The “Disappearing”publishing business in China, an Interview of a publisher Liu Dongli


Publisher Liu Dongli at a business meeting. Photo provided by Dongli Liu

Nowadays, with the developing of technology, publications in print (paper copies) are gradually disappearing in the Chinese market. Instead, all the publications such as books, magazines have gone digital; people today has a different way of getting information that is through the internet. Dongli Liu, a editor, writer, publisher, documentary producer has something to say about the vanishing business of paper publications.

On May 18th, 2016, Liu talked about his idea about the trend and future of the print publication business from his own perspective. “Speaking of the trend of this business, overall it is decreasing rapidly these days,” said by Liu, “because more and more people prefer to read online or through digital devices instead of real books, it certainly strike the industry. Books in China today is seeking for its own unique way of surviving. Readers today are what we called they are ‘shallow reading’, they take a glance at the information on their phone or computer. And the old generation reading newspaper or books are called the ‘deep in reading’ which they consume the information from a deeper angle.”

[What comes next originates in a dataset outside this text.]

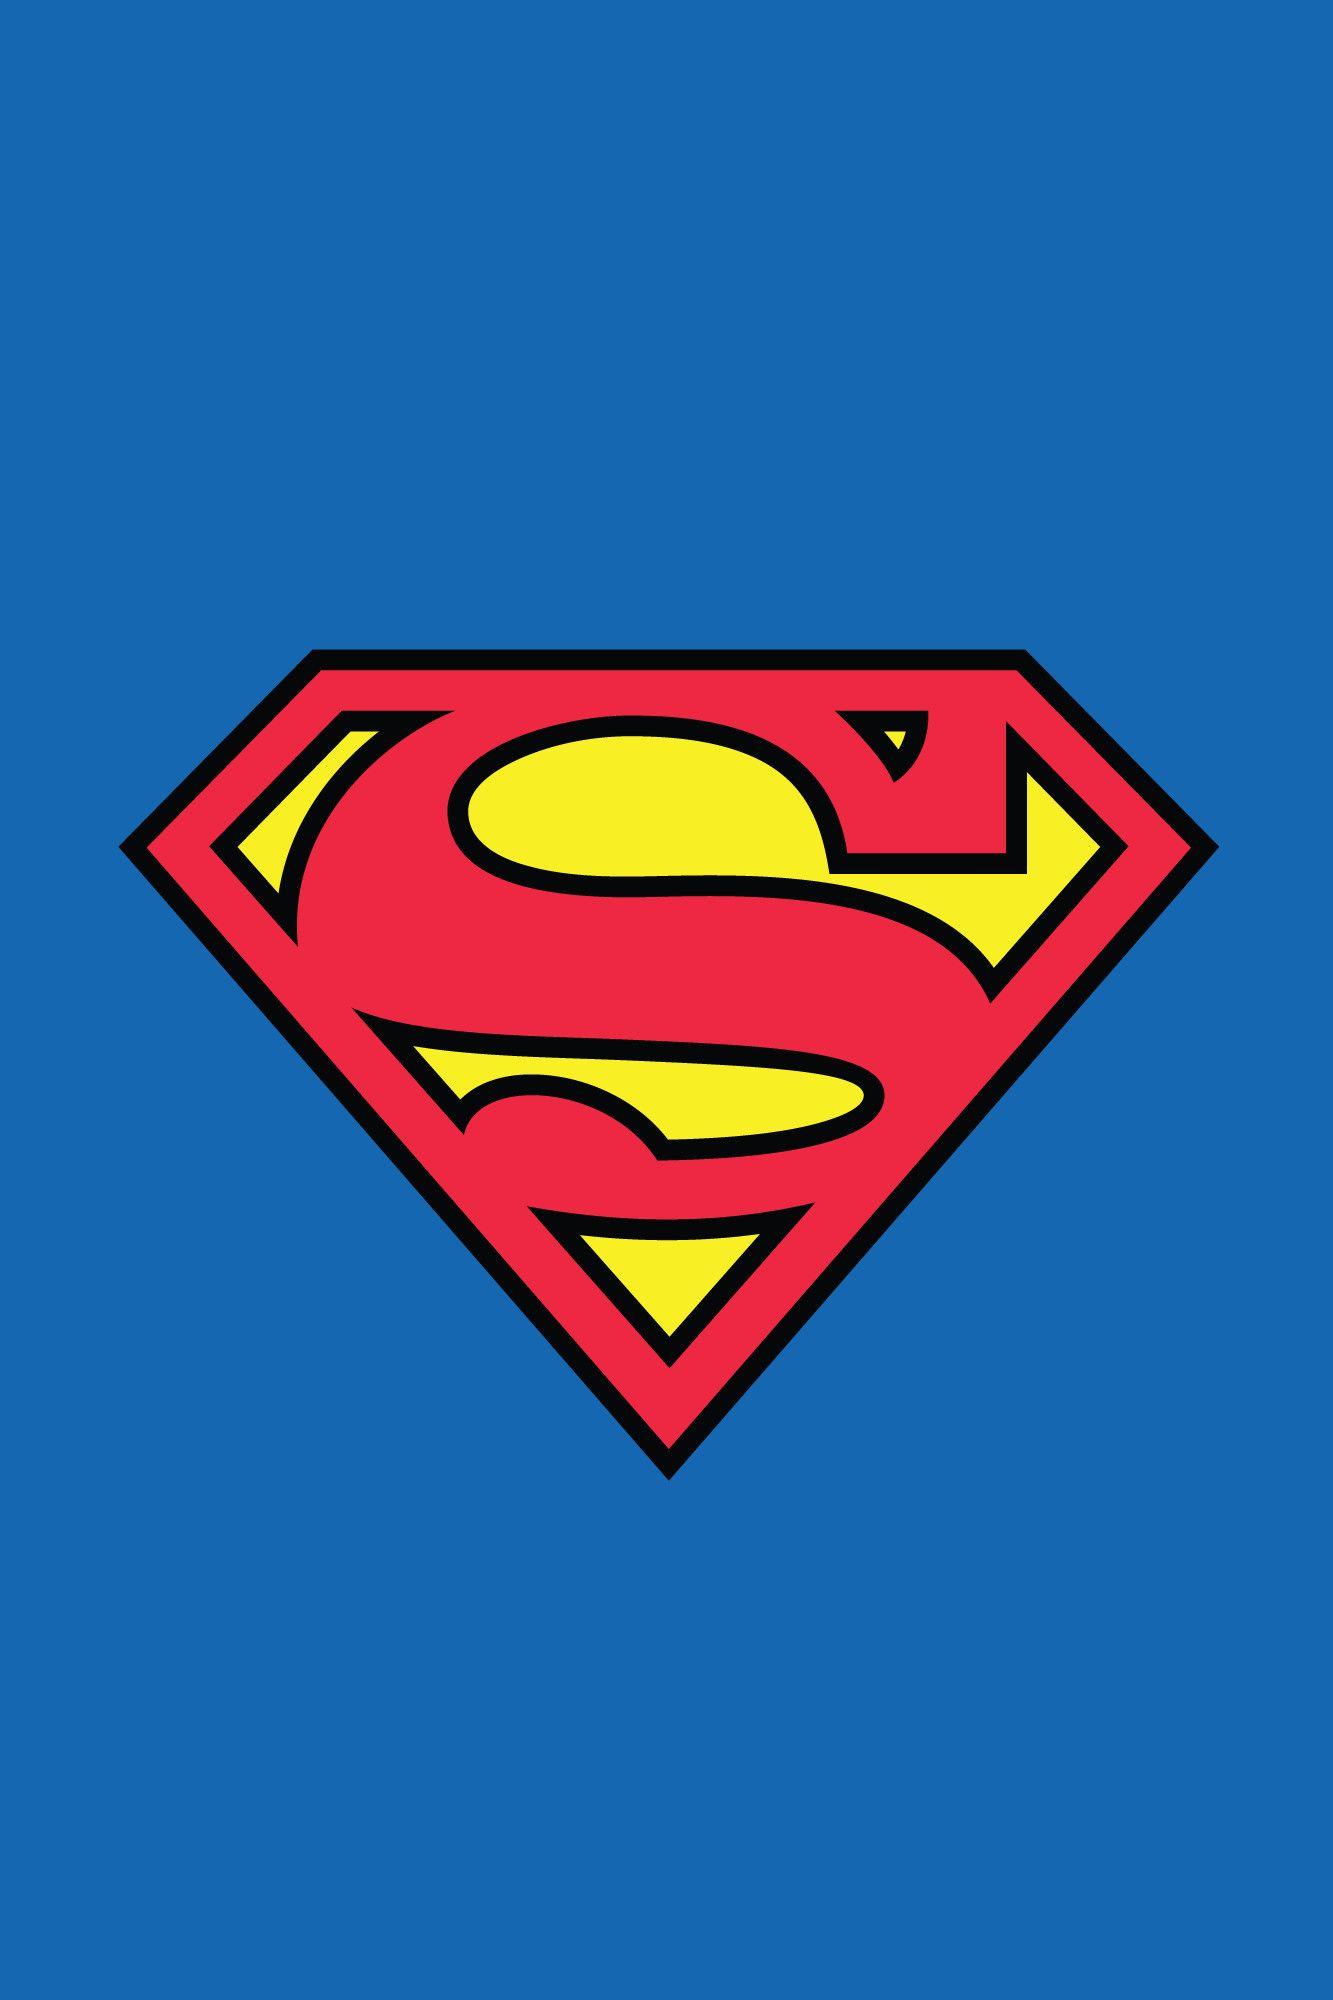 Superman Iphone Wallpapers Top Free Superman Iphone Backgrounds Wallpaperaccess

Overall, what the publishers in China want to do is to make the paper publications become more delicate and more personalized. The publishers are trying to provide better content and better design so the consumer want to buy it. And they also want to include different concept and cover different perspectives than it used to be.

As a a editor, writer, publisher, documentary produce, Liu has a lot of experience and went through a lot of stage of the business. He was born in 1961, and graduated top from the Northeast Normal University in China (it is still one of the best college in China) in 1984. And later he became a professor of literature in Northeast Forestry University for several years. Afterwards, he went to work as an editor in the publisher under State Forestry Administration of the People’s Republic of China. Now he is the deputy director of the company and chief editor. He wrote several famous book in China, publishing over 80 academic articles and have won several literature reward in China. And recently, the documentary of Jiangxi province was aired on CCTV (China Central Television – which is a government owned channel).

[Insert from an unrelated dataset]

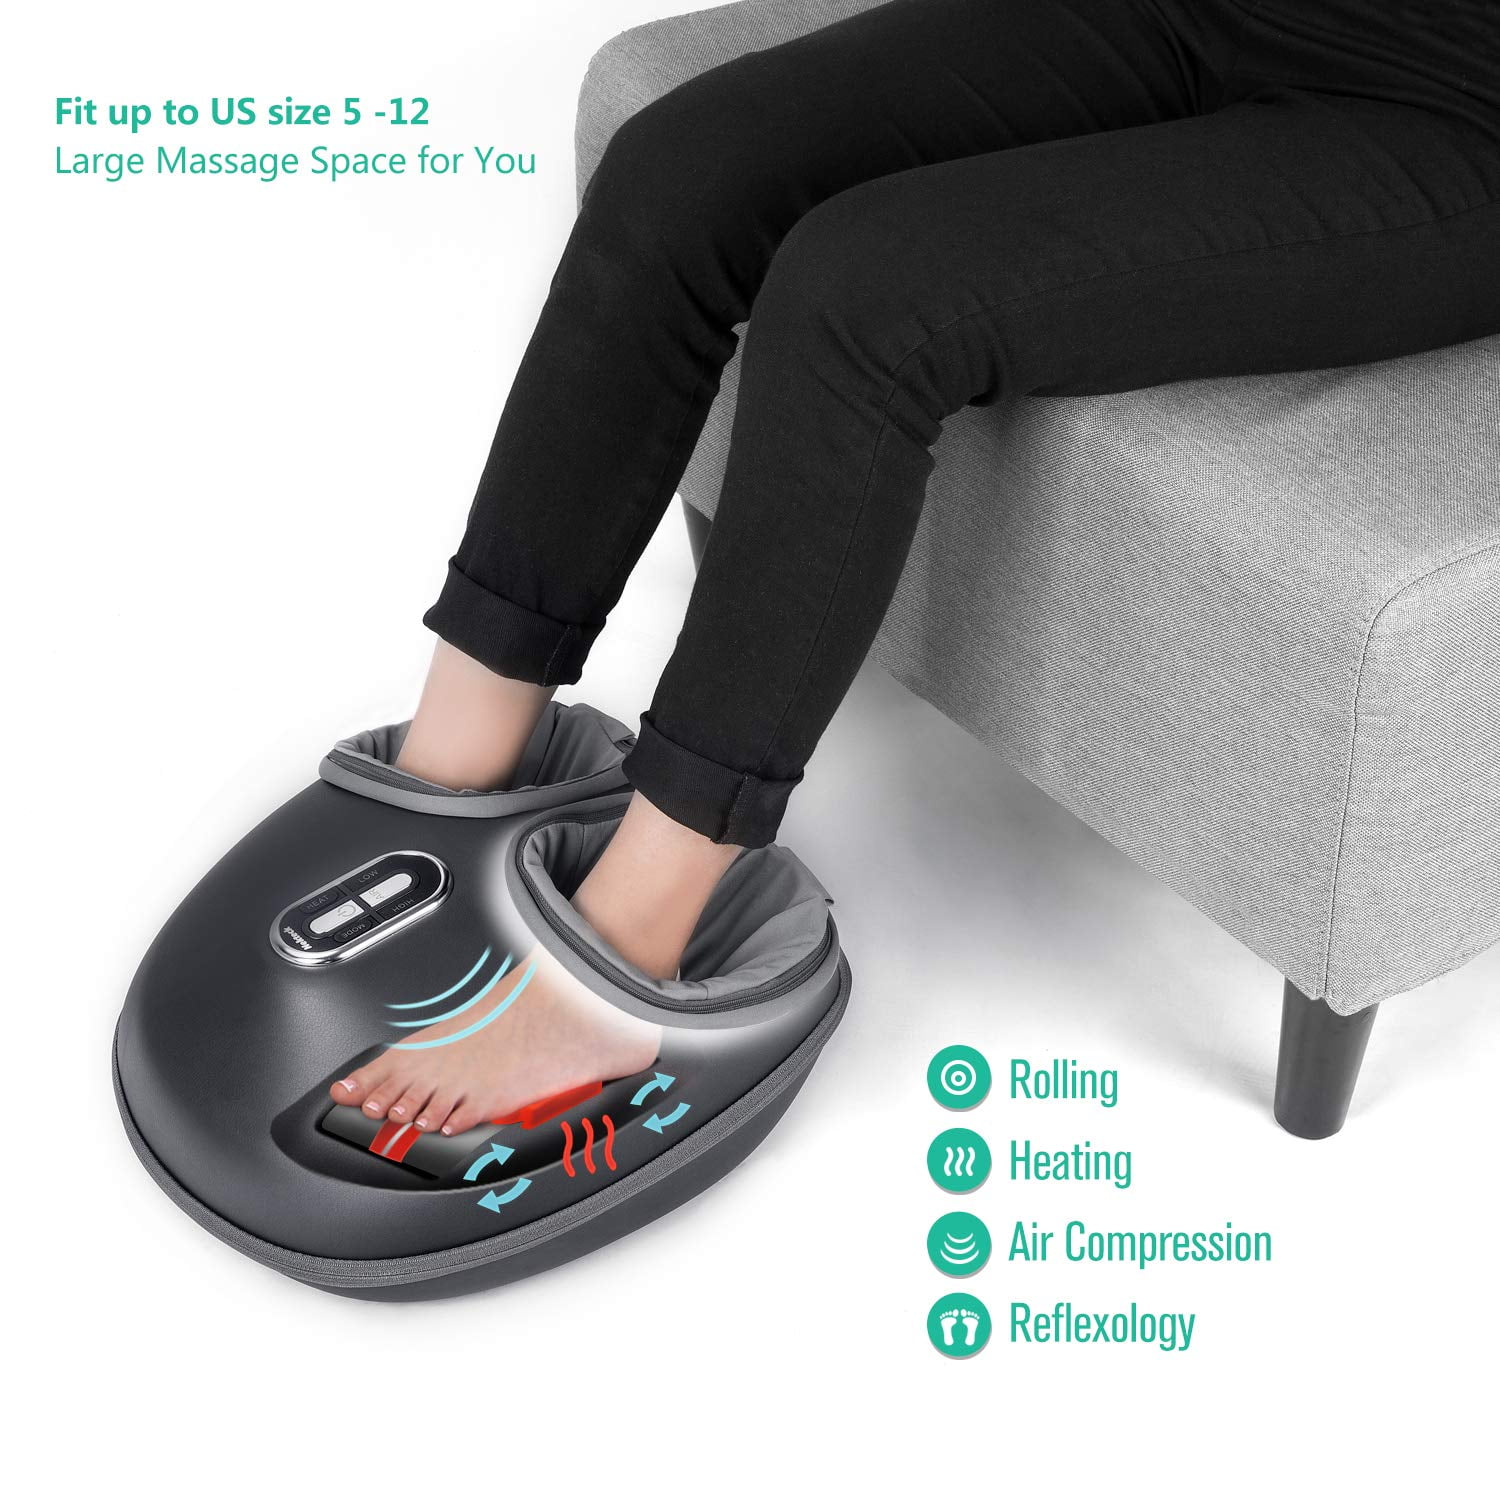 Nekteck Shiatsu Foot Massager, Increases Blood Flow Circulation, Calf  Massage with Heat Therapy, Deep Kneading, Vibration, Compression

“We see the trend of the paper publications, and all the publishers are trying to achieve this so called “post-technology” paper publications. But certainly there are a lot of barriers as well,” Liu continued talking about. “The publishing now facing the problem that, they are more focusing on the quantity instead of the quality of the publications. And that absolutely caused the publishers losing a large portion of their readers. And another problem would be there are way too many similarities in the publications today. When some publishers saw some successful publications and they would simply take others’ idea and make a similar one. This is another reason that he business is decreasing today.”

“From my point of view, this is the time of changing. Either you follow the trend or you are abandoned by the market,” said Liu. “The publishers now they need to seek for changing on their own, they have to think about how to change; not wait for the time that they have to change then just like DVD it will be buried with history.”

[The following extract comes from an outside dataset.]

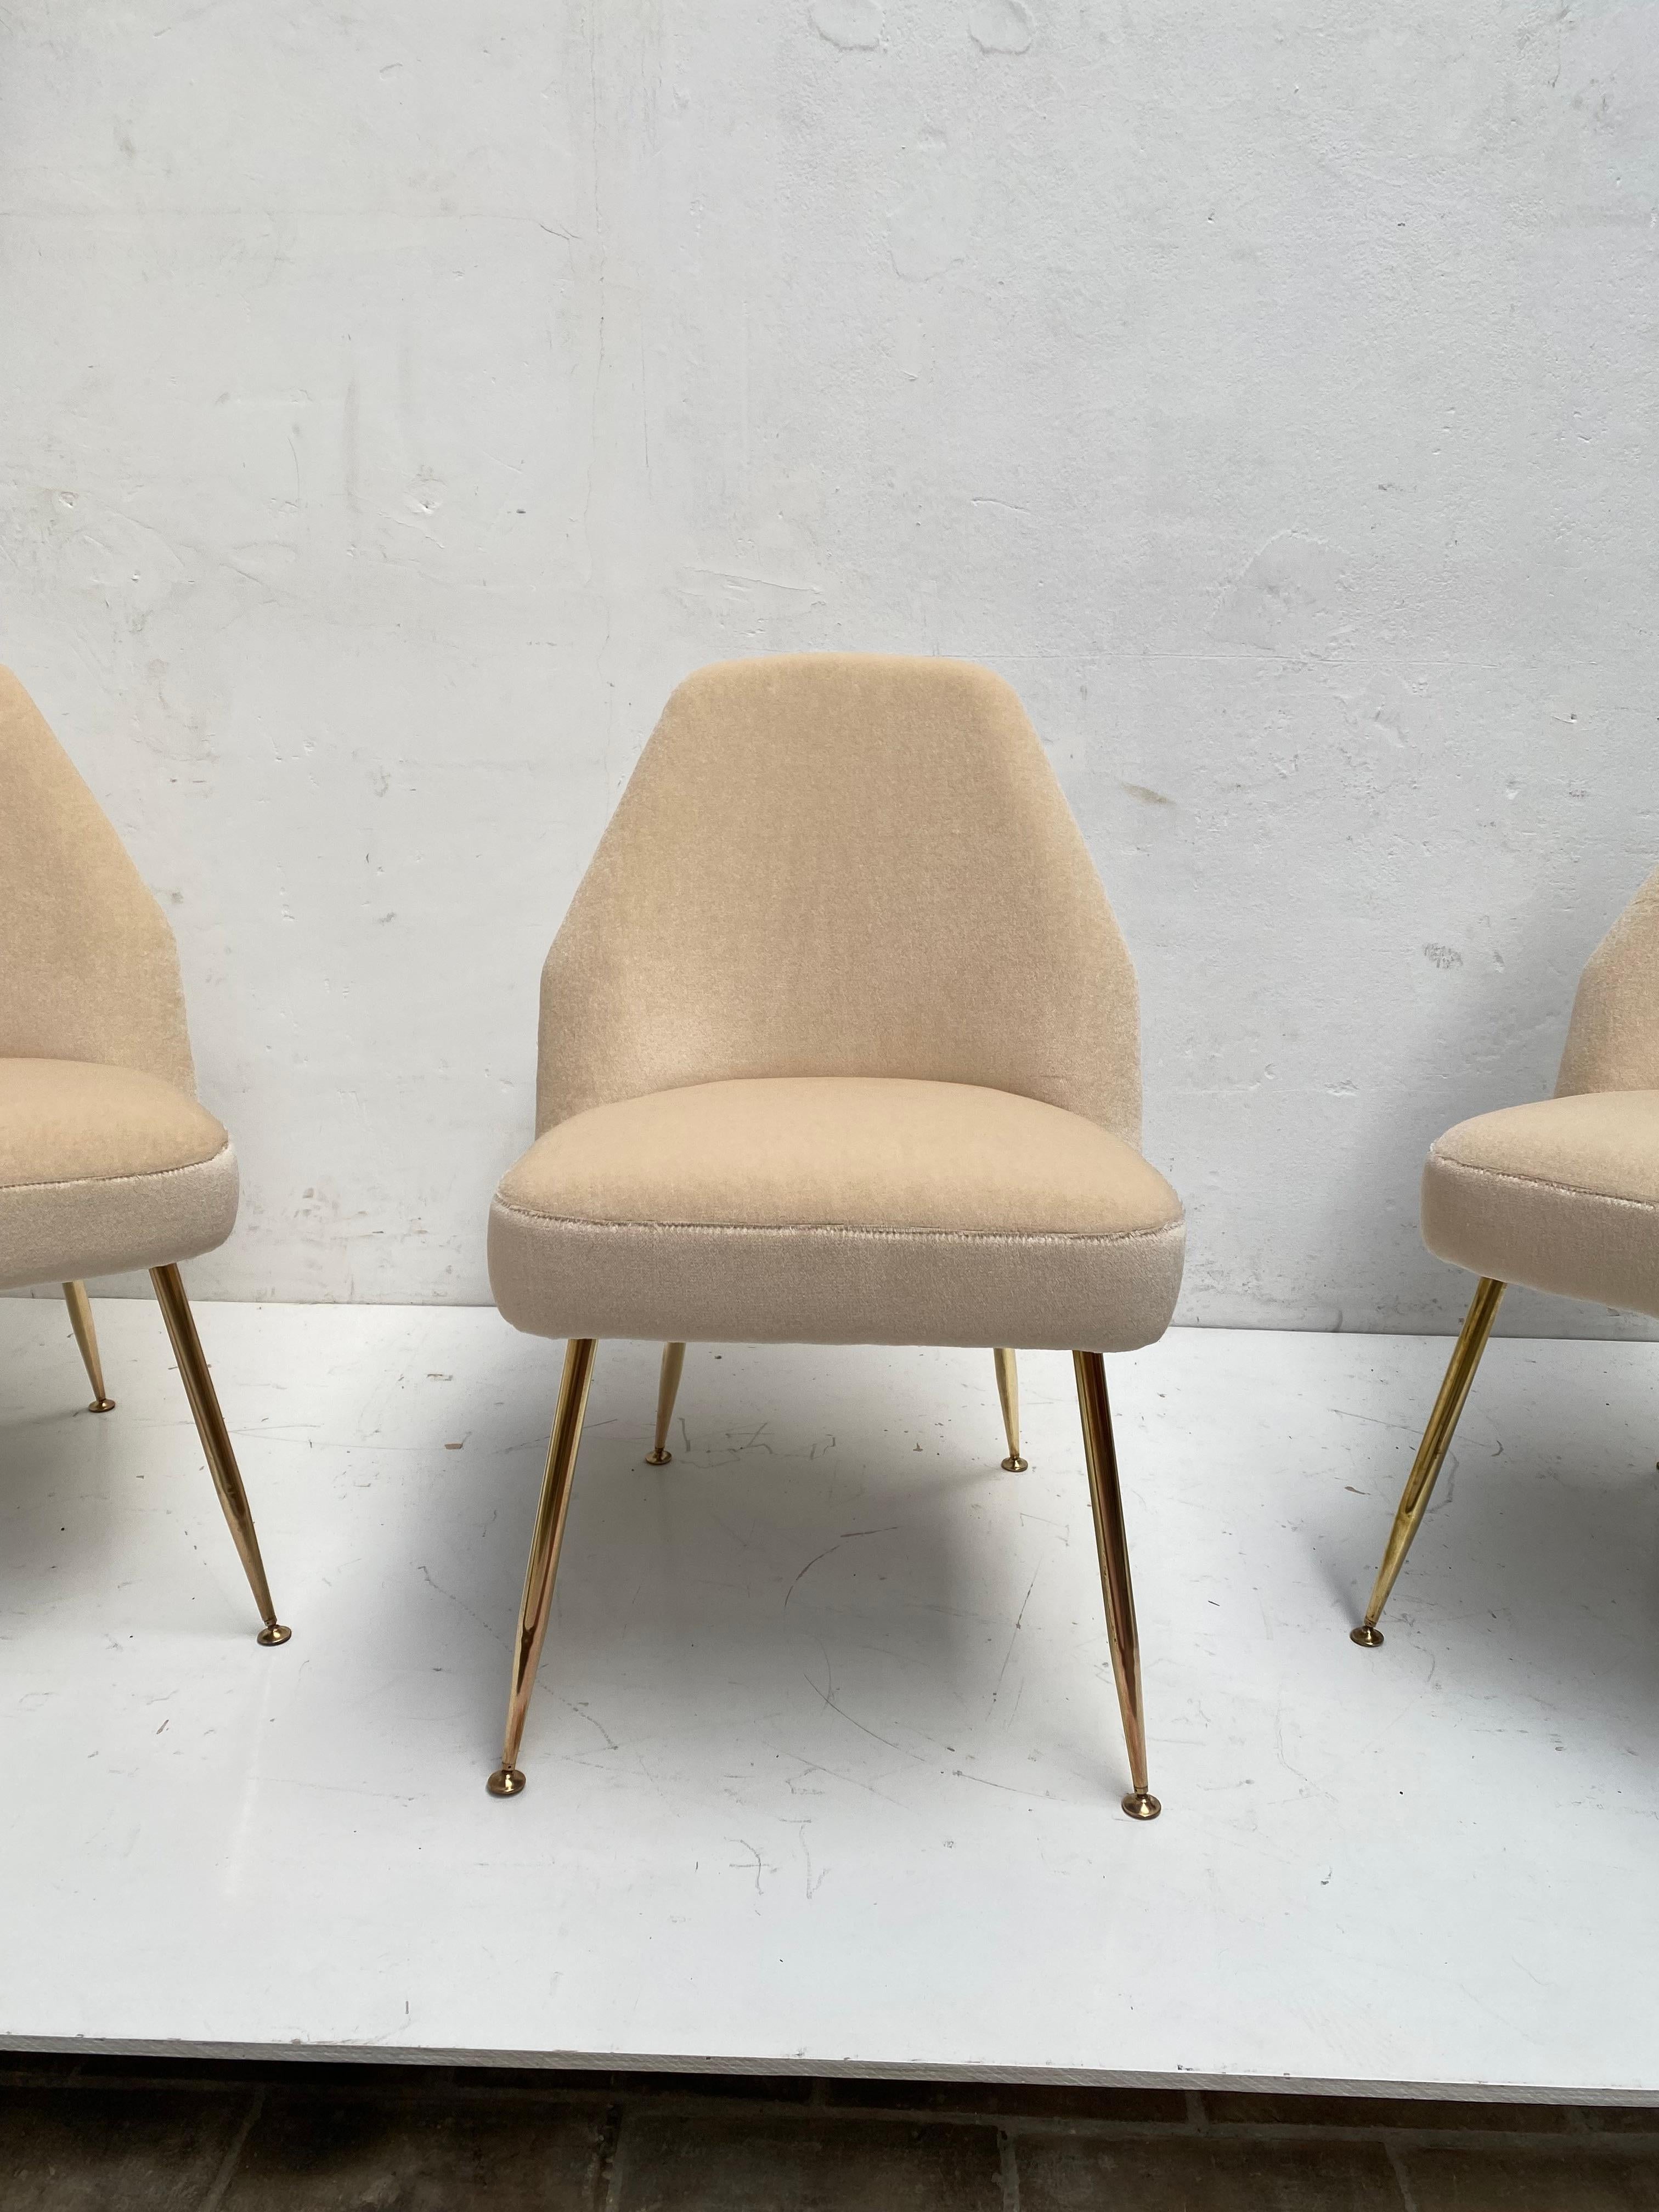 Enameled 12 Brass & Mohair Campanula Chairs by Pagani (Partner of Gio Ponti) Arflex 1952  For Sale

“I wouldn’t say that the paper publication has become a ‘sunset’ business. Technically, there aren’t any ‘sunrise’ or ‘sunset’ business. People are still reading today, not everyone consume their information through images and videos. Actually, the amount of publications that the readers acquire are more than ever. They want to read more, they have more ways to read things. But informatization doesn’t mean that people are getting more knowledge. The scholars still have to publish academic articles, they still have to write books thus the paper publications won’t completely vanish in the society. At least not 100 years. It would eventually become luxuries one day ” Liu added that.